Excerpts from a dataset
▼

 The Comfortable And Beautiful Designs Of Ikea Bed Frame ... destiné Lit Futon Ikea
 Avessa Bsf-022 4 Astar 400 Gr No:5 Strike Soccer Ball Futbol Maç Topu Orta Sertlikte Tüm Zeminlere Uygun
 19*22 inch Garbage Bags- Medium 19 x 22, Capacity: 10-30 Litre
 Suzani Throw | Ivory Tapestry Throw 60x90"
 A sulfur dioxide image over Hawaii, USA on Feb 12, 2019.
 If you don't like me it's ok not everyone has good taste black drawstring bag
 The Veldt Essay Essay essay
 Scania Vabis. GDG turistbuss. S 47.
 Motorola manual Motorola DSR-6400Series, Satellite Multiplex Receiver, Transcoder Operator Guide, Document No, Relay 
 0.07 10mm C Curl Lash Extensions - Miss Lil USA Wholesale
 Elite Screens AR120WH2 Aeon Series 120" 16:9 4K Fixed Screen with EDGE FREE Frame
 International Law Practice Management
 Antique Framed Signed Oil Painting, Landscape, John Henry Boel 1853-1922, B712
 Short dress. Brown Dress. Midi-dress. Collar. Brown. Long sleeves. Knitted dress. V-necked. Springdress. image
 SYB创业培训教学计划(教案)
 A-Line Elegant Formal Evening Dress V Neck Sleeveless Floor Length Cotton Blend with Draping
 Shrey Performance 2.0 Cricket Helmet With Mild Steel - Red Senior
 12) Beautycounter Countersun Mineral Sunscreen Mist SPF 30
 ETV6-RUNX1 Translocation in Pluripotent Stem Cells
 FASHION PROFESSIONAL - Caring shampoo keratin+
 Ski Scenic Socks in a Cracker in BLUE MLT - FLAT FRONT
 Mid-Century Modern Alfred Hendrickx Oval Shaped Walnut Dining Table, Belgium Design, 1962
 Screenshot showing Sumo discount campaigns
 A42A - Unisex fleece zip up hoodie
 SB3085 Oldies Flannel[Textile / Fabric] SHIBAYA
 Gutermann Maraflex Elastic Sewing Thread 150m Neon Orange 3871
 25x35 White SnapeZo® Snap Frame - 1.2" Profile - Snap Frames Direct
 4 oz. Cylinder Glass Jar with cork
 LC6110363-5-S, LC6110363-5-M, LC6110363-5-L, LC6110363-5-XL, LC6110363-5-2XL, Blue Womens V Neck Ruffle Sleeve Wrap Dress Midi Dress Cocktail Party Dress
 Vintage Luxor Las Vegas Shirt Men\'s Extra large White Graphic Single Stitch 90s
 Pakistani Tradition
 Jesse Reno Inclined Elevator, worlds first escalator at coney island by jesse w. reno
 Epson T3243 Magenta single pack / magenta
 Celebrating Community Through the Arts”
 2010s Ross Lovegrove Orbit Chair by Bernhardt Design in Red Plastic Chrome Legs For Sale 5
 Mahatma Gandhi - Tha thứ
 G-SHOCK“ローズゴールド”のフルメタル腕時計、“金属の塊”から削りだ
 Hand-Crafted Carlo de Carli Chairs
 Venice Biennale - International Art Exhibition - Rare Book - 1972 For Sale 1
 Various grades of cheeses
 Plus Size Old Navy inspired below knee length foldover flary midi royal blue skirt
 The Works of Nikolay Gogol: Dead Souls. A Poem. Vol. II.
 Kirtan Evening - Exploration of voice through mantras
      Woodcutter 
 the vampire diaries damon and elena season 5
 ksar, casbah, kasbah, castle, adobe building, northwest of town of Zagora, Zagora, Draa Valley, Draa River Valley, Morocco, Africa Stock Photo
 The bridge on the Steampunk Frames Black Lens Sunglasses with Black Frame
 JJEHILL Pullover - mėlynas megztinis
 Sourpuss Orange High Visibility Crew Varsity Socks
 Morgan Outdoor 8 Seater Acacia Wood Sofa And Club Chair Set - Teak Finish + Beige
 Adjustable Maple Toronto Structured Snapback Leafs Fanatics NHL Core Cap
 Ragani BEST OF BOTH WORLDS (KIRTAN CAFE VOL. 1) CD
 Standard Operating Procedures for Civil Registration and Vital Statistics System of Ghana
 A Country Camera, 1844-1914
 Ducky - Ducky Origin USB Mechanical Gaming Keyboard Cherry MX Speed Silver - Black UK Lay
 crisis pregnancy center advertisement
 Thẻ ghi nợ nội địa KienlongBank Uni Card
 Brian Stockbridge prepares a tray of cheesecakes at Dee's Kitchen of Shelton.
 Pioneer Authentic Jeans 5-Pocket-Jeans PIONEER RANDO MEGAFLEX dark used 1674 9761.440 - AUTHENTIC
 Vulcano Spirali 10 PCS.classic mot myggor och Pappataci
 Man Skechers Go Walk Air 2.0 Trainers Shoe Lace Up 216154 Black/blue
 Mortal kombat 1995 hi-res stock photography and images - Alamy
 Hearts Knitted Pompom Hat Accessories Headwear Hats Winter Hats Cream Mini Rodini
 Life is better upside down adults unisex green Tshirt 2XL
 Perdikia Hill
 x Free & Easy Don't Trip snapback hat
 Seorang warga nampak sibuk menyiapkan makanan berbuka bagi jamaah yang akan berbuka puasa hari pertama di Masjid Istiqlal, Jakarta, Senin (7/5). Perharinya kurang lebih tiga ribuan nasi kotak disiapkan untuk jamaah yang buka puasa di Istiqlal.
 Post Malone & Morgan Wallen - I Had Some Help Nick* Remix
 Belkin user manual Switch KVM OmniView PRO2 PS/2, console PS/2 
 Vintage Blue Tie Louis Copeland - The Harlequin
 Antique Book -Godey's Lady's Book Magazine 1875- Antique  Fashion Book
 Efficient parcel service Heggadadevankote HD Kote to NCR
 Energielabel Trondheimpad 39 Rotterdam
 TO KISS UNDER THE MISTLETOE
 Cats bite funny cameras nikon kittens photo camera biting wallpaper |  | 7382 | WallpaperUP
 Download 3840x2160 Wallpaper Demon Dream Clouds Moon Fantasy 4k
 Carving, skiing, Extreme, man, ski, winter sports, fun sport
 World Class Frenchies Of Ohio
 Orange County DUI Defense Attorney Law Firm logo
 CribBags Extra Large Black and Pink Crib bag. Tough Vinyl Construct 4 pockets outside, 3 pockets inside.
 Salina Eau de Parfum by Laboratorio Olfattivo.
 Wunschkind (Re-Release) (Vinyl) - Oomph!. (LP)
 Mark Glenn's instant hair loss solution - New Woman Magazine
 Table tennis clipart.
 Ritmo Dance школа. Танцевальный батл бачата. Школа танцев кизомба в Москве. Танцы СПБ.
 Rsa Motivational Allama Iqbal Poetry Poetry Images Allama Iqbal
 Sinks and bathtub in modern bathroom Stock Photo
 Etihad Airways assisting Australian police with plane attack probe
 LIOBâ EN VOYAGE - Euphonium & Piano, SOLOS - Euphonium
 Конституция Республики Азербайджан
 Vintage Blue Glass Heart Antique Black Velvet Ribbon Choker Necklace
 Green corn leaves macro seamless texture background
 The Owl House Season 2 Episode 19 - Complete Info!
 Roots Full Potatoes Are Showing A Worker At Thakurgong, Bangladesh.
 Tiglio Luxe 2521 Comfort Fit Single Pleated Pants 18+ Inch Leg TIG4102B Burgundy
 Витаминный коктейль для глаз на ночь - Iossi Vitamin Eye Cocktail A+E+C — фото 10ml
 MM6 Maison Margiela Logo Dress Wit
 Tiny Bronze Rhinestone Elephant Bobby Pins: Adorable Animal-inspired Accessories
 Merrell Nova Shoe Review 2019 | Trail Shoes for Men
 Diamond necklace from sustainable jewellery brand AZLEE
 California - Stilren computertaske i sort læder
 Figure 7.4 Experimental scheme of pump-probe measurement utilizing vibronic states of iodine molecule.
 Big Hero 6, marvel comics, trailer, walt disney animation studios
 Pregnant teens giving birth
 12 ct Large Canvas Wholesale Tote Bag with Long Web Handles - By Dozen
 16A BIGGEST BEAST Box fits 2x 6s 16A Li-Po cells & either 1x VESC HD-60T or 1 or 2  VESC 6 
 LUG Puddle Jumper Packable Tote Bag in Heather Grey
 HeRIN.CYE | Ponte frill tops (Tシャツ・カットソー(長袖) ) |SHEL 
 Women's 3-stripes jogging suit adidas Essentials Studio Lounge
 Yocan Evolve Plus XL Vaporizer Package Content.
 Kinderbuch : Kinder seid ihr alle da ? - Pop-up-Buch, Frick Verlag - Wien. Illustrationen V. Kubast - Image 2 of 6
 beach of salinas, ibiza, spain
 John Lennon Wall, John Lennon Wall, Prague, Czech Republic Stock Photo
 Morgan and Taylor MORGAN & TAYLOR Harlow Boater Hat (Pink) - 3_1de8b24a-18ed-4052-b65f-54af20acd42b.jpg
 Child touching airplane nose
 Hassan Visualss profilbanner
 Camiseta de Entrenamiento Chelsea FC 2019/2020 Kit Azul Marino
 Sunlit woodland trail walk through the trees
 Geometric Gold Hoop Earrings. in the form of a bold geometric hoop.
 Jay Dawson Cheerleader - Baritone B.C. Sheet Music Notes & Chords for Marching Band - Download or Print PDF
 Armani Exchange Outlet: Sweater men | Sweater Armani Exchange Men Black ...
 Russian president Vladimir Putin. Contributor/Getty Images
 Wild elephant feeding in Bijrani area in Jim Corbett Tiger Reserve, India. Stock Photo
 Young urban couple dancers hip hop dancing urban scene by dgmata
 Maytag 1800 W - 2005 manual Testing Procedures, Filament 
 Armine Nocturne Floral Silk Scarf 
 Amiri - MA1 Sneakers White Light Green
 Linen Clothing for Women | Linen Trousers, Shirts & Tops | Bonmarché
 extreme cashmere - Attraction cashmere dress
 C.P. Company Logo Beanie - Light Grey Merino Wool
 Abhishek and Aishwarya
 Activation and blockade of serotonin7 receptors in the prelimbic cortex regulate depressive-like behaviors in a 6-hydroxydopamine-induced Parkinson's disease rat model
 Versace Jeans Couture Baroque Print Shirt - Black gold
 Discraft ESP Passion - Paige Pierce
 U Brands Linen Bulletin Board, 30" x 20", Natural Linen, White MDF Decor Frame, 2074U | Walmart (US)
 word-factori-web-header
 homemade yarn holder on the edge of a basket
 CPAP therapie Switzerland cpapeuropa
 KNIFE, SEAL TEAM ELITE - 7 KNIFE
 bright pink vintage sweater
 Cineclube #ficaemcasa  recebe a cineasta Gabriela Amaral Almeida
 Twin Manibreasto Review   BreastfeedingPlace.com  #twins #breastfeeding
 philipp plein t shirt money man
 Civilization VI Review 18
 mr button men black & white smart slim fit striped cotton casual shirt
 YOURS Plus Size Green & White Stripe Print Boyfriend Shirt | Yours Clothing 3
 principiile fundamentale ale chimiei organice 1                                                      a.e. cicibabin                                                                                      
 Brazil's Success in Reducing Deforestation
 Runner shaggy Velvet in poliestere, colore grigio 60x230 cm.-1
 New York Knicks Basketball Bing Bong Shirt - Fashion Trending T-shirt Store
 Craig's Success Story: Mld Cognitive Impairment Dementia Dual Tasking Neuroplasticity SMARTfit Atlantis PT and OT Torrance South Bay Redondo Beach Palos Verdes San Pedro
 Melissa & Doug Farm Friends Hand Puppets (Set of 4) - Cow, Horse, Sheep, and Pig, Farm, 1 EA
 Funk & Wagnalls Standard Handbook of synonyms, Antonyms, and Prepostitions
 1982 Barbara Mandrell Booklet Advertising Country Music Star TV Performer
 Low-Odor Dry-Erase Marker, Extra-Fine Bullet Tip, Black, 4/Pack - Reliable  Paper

▲

▶ [The task]:
Given the records above, return exactly the lines starting at the line containing "Scania Vabis. GDG turistbuss. S 47." and ending at the line containing "The Works of", including both.

▶ [Reply]:
 Scania Vabis. GDG turistbuss. S 47.
 Motorola manual Motorola DSR-6400Series, Satellite Multiplex Receiver, Transcoder Operator Guide, Document No, Relay 
 0.07 10mm C Curl Lash Extensions - Miss Lil USA Wholesale
 Elite Screens AR120WH2 Aeon Series 120" 16:9 4K Fixed Screen with EDGE FREE Frame
 International Law Practice Management
 Antique Framed Signed Oil Painting, Landscape, John Henry Boel 1853-1922, B712
 Short dress. Brown Dress. Midi-dress. Collar. Brown. Long sleeves. Knitted dress. V-necked. Springdress. image
 SYB创业培训教学计划(教案)
 A-Line Elegant Formal Evening Dress V Neck Sleeveless Floor Length Cotton Blend with Draping
 Shrey Performance 2.0 Cricket Helmet With Mild Steel - Red Senior
 12) Beautycounter Countersun Mineral Sunscreen Mist SPF 30
 ETV6-RUNX1 Translocation in Pluripotent Stem Cells
 FASHION PROFESSIONAL - Caring shampoo keratin+
 Ski Scenic Socks in a Cracker in BLUE MLT - FLAT FRONT
 Mid-Century Modern Alfred Hendrickx Oval Shaped Walnut Dining Table, Belgium Design, 1962
 Screenshot showing Sumo discount campaigns
 A42A - Unisex fleece zip up hoodie
 SB3085 Oldies Flannel[Textile / Fabric] SHIBAYA
 Gutermann Maraflex Elastic Sewing Thread 150m Neon Orange 3871
 25x35 White SnapeZo® Snap Frame - 1.2" Profile - Snap Frames Direct
 4 oz. Cylinder Glass Jar with cork
 LC6110363-5-S, LC6110363-5-M, LC6110363-5-L, LC6110363-5-XL, LC6110363-5-2XL, Blue Womens V Neck Ruffle Sleeve Wrap Dress Midi Dress Cocktail Party Dress
 Vintage Luxor Las Vegas Shirt Men\'s Extra large White Graphic Single Stitch 90s
 Pakistani Tradition
 Jesse Reno Inclined Elevator, worlds first escalator at coney island by jesse w. reno
 Epson T3243 Magenta single pack / magenta
 Celebrating Community Through the Arts”
 2010s Ross Lovegrove Orbit Chair by Bernhardt Design in Red Plastic Chrome Legs For Sale 5
 Mahatma Gandhi - Tha thứ
 G-SHOCK“ローズゴールド”のフルメタル腕時計、“金属の塊”から削りだ
 Hand-Crafted Carlo de Carli Chairs
 Venice Biennale - International Art Exhibition - Rare Book - 1972 For Sale 1
 Various grades of cheeses
 Plus Size Old Navy inspired below knee length foldover flary midi royal blue skirt
 The Works of Nikolay Gogol: Dead Souls. A Poem. Vol. II.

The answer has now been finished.